Since open source is a more effective development model, I hope it continues its rise up the application stack into more verticals. We’re already seeing how open-source genomics platforms can accelerate progress in that area. Similarly, we need standard open-source tools for precision medicine, education, climate science, etc. so that we may make more rapid progress in these areas. And if we can establish open standards in other industries, then we can improve their productivity. Manufacturing, telecommunications, banking, transportation, healthcare, and most other industries all have common data problems that can be more efficiently addressed through the use of shared open-source software.
What’s your biggest concern with the current state of the Open Source ecosystem?

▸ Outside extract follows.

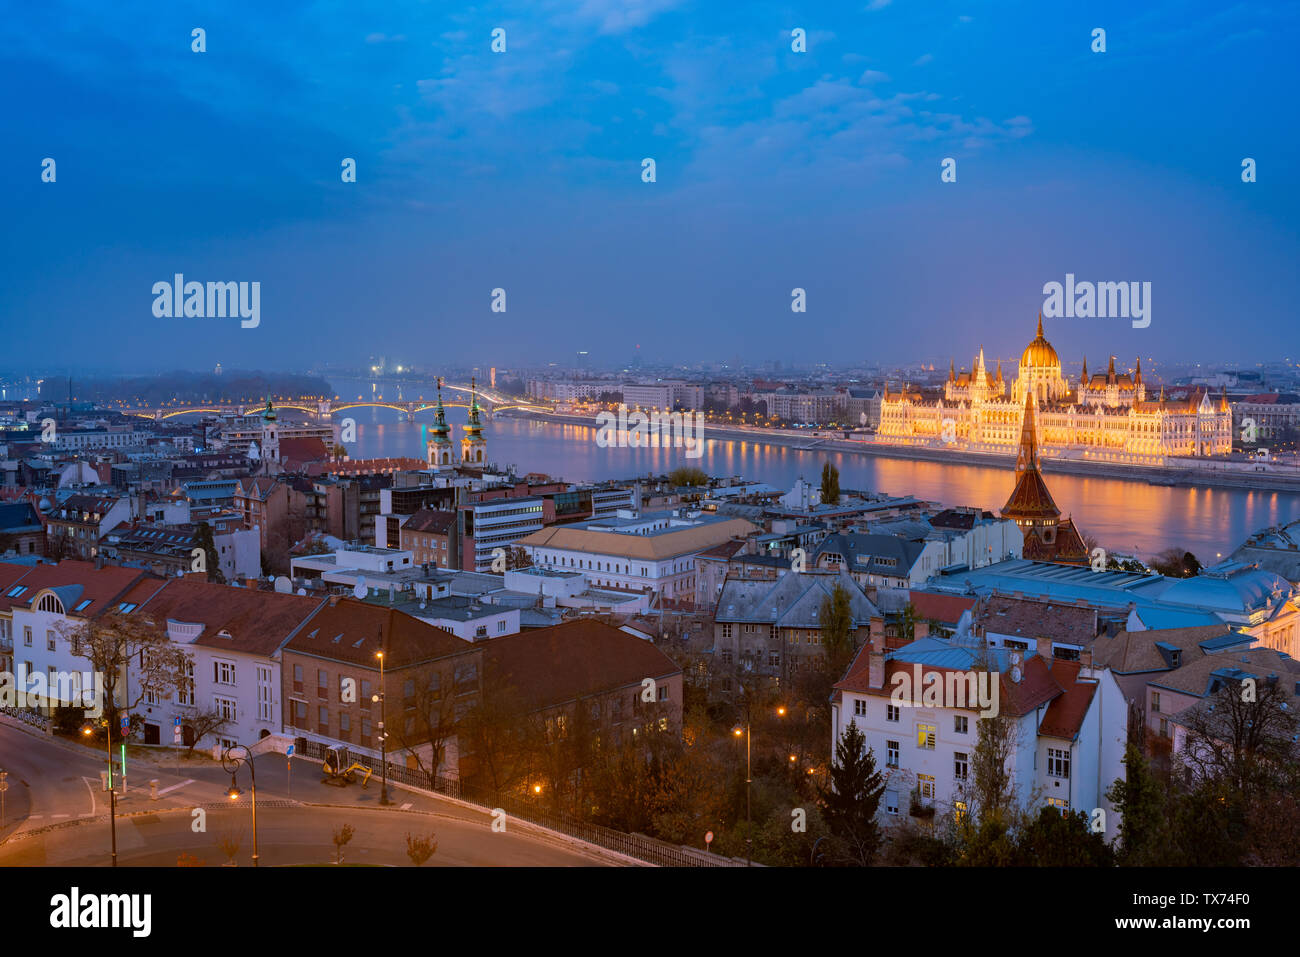 Nuit Vue aérienne de la ville de Budapest avec des capacités au parlement hongrois Hongrie Banque D'Images

The skills gap is one of the primary factors gating the rate of platform change, but it’s also a sign that innovation is at hand. The skills gap in big data will remain relatively constant in the next year and may deter people from adopting open-source technologies. When new technologies are created and vie for users, they are known by a few. Only once a particular type of software is a mature standard do we begin to have a substantial number of folks skilled in its use — but even then, the skills gap can persist. It will disappear only when we stop seeing big improvements to the stack, which we don’t want.
How do you ensure the security of open-source software?
It’s hard to catch new attacks that way with the classic approach of having filters that are scanning for particular kinds of behavior that someone has manually coded in terms of prior attacks. If one builds models that define usual behavior, one can catch anomalies. A standard format for network data lets different firms build different applications that detect intrusions, providing a cybersecurity ecosystem, an open data model for cybersecurity.
What do developers need to keep in mind when working with Open Source software?
Not focusing on individual technologies but on understanding the best uses of each of the components of the open-source data ecosystem and how they can be connected together to solve problems. That high-level architectural understanding is the most valuable skill and understanding how new technologies fit in, what they might replace, and what they might enable.